• **Records for processing**
● ● ● ● ● ● ●
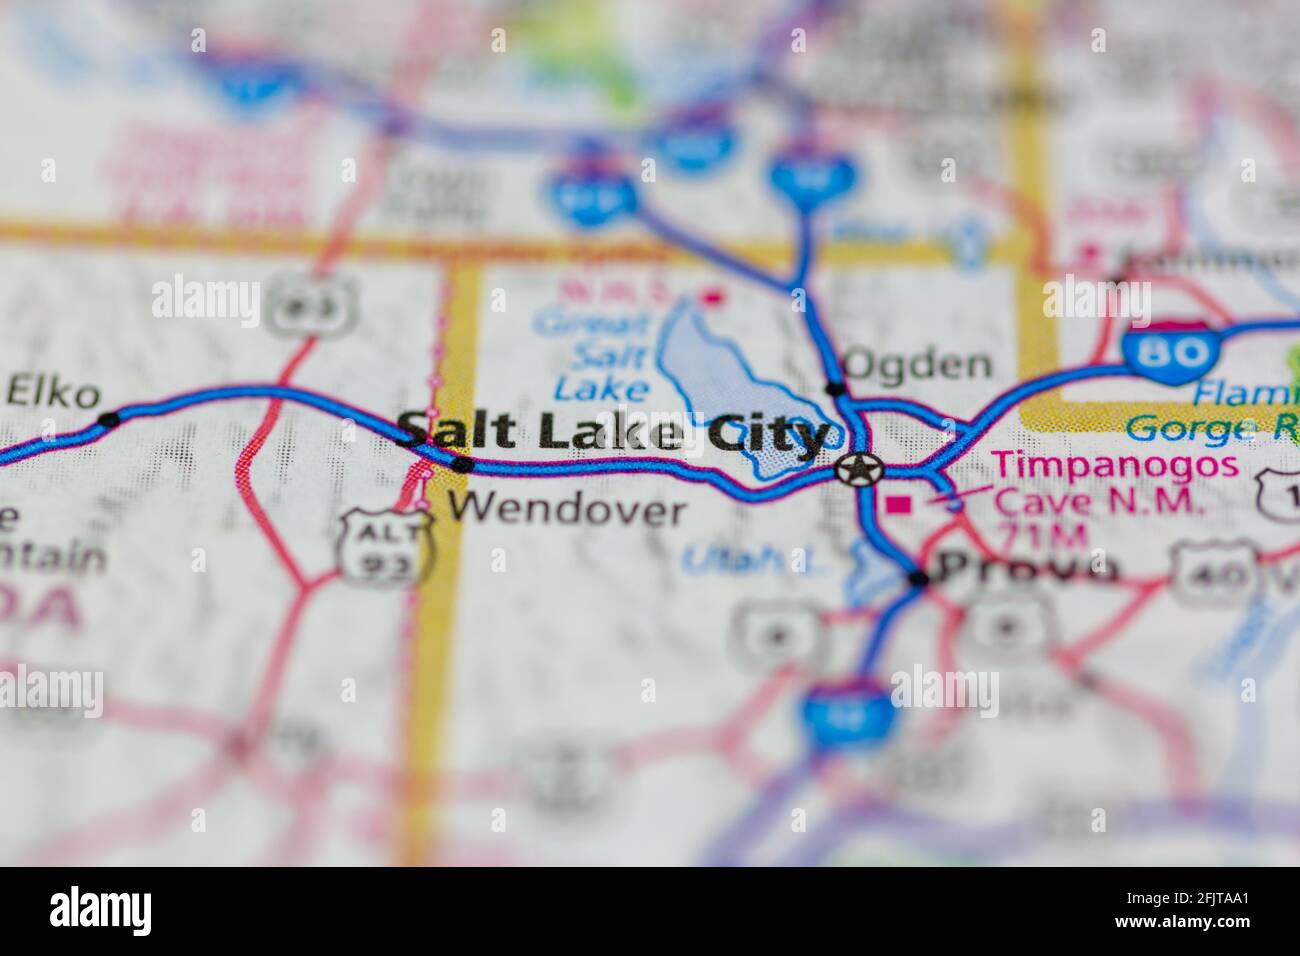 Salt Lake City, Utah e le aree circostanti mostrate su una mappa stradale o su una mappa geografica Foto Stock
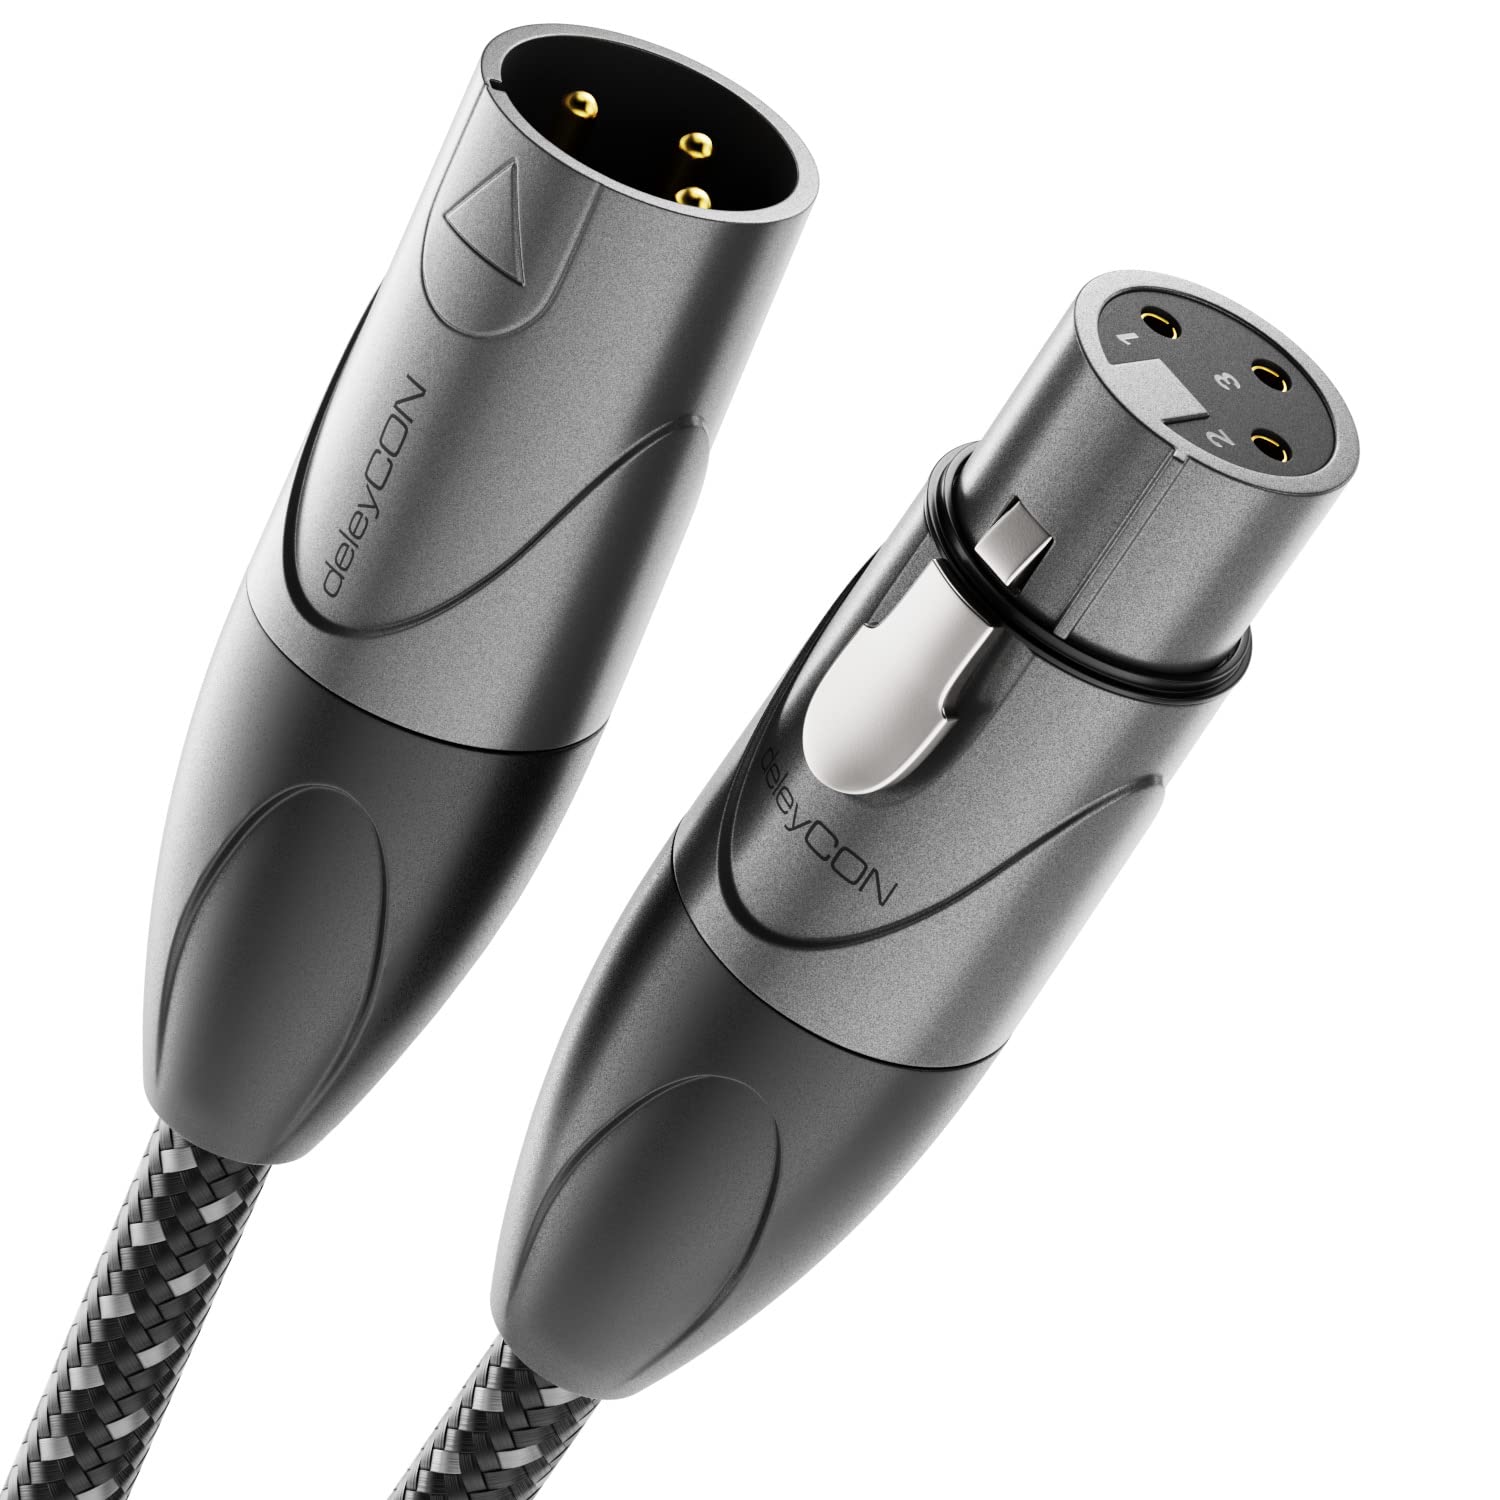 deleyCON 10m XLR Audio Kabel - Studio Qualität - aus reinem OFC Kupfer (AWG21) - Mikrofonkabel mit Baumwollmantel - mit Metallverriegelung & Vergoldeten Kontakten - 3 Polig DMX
● ● ● ● ● ● ●
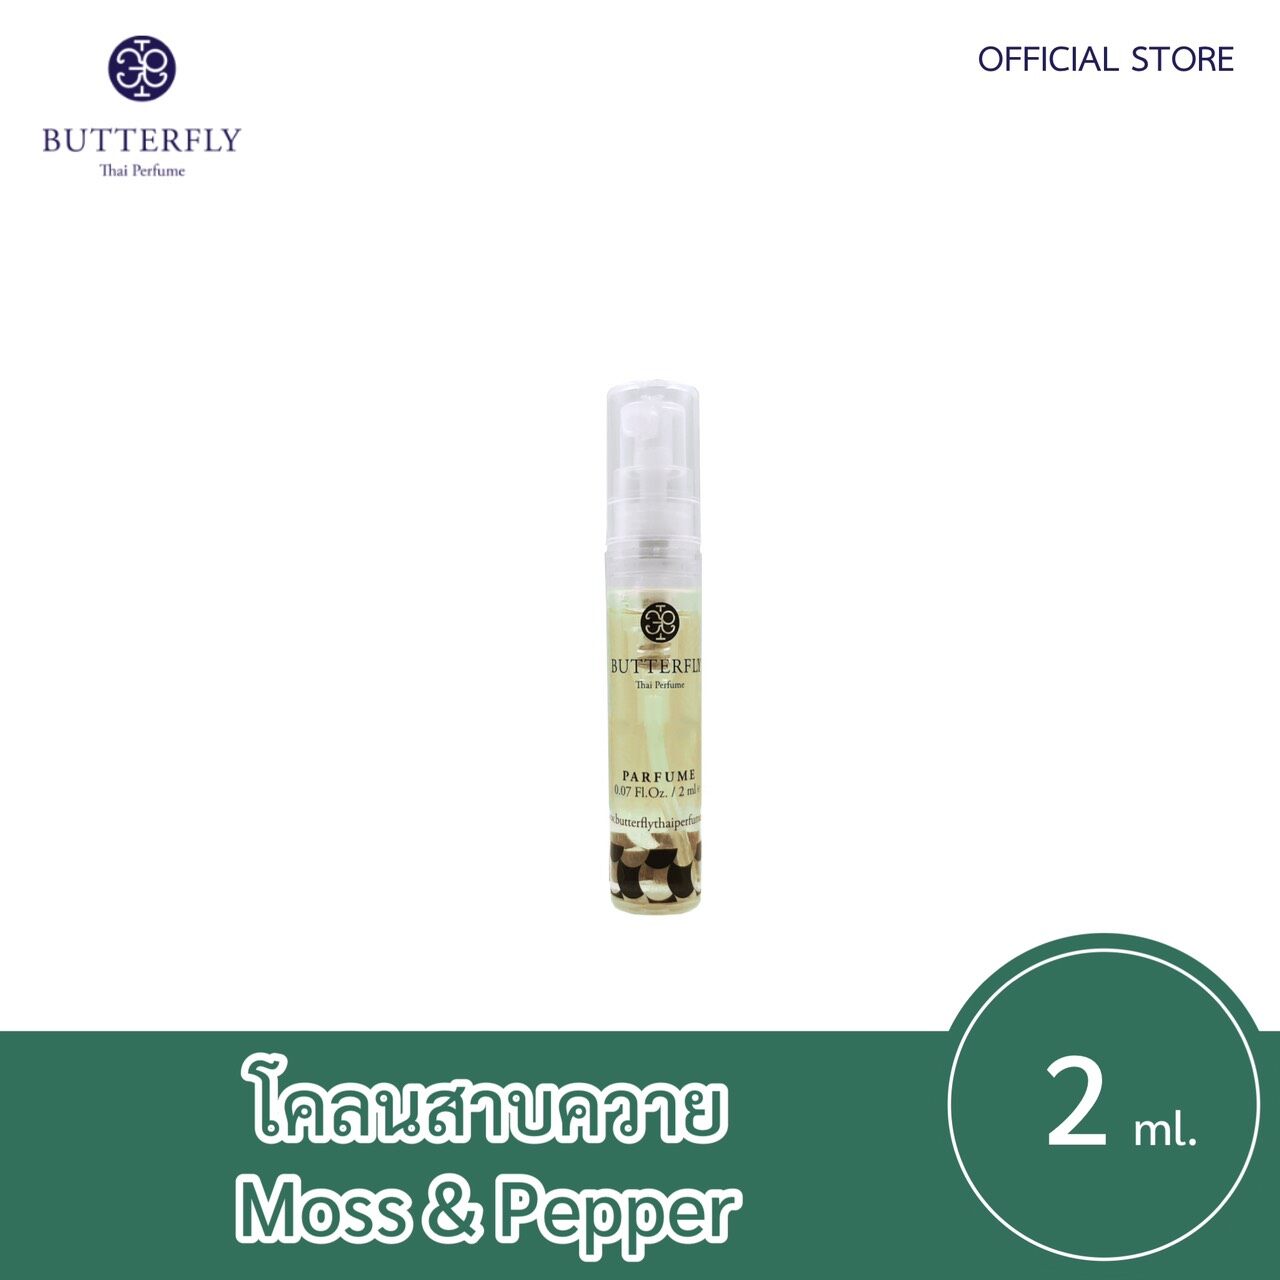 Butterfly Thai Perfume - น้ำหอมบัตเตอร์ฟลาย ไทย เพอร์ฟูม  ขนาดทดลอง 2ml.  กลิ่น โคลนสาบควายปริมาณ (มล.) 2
● ● ● ● ● ● ●
• **Work order**
Pictures excluded, transcribe the listing above exactly from the line with "Salt Lake City, Utah" through the line with "deleyCON 10m XLR", and no further.

• **Response to the exercise**
 Salt Lake City, Utah e le aree circostanti mostrate su una mappa stradale o su una mappa geografica Foto Stock
 deleyCON 10m XLR Audio Kabel - Studio Qualität - aus reinem OFC Kupfer (AWG21) - Mikrofonkabel mit Baumwollmantel - mit Metallverriegelung & Vergoldeten Kontakten - 3 Polig DMX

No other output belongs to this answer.